Content checking is the basis for most anti-spam technology, and includes simple filtering based on certain words, attachment types (such as MP3 files), signatures, heuristics, and statistical analysis. The problem with simple filtering -- filtering all messages containing the words “Viagra” or “spam,” for example -- is that not only might there be legitimate messages containing those words, but that it’s easy to change the words, either by deliberate misspelling (“V!agra”) or by using an HTML message and inserting invisible characters between the visible ones. The same is true of signatures, where the filter looks for content similar to known spam. The tools spammers use to conceal or obfuscate the content of messages that filters look for continues to become more sophisticated.

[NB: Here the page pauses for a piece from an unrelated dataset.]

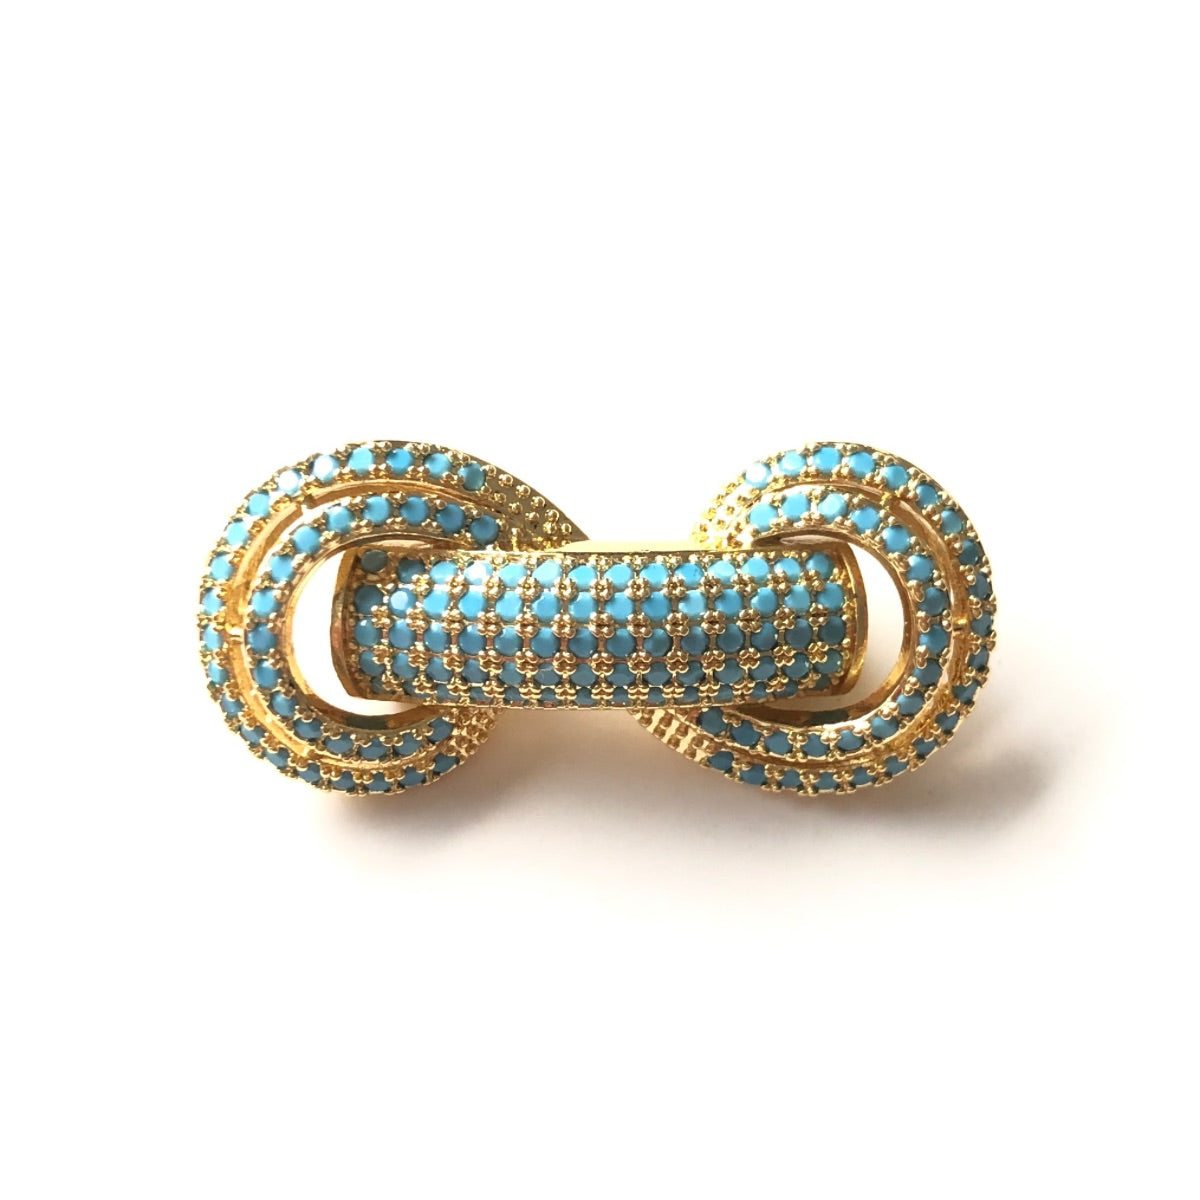 5pcs/lot 31*14.5*8mm Turquoise CZ Paved Tube Bar Spacers Gold CZ Paved Spacers Colorful Zirconia New Spacers Arrivals Tube Bar Centerpieces Charms Beads Beyond

As spammers become more adept at bypassing filters, anti-spam vendors must find more sophisticated methods of detecting spam. Heuristics uses a series of rules to score an e-mail, so that a message might get one point for containing the word “Viagra,” one point for a “click here” link, one point for a price ($19.99), one point for a “click here to unsubscribe” link, and one point for a URL that points to a known spam site. A score of three or more might get the message quarantined.
Bayesian filtering uses statistical analysis to detect spam. It looks at content and assigns a probability that a document is spam based on the number of documents defined as spam (or not spam) with similar content. Thus, a message containing “Viagra” would have a certain probability of being spam, but a message containing “V!agra” would have a much higher probability of being spam, since legitimate e-mail wouldn’t likely include the misspelling. Likewise, a message containing “RFP” (request for proposal) or “process,” for example, would have a very high probability of being legitimate mail.
All the products I tested use a combination of these techniques. Some combine heuristics with blacklists, or Bayesian analysis with source IP checking. As my tests show, today’s commercial products are extremely good at identifying spam. But even the best of them ultimately block some legitimate mail, if only because marketing e-mails and newsletters that people want have the same characteristics as those they do not want. All enterprise anti-spam solutions include whitelists, because no system is perfect.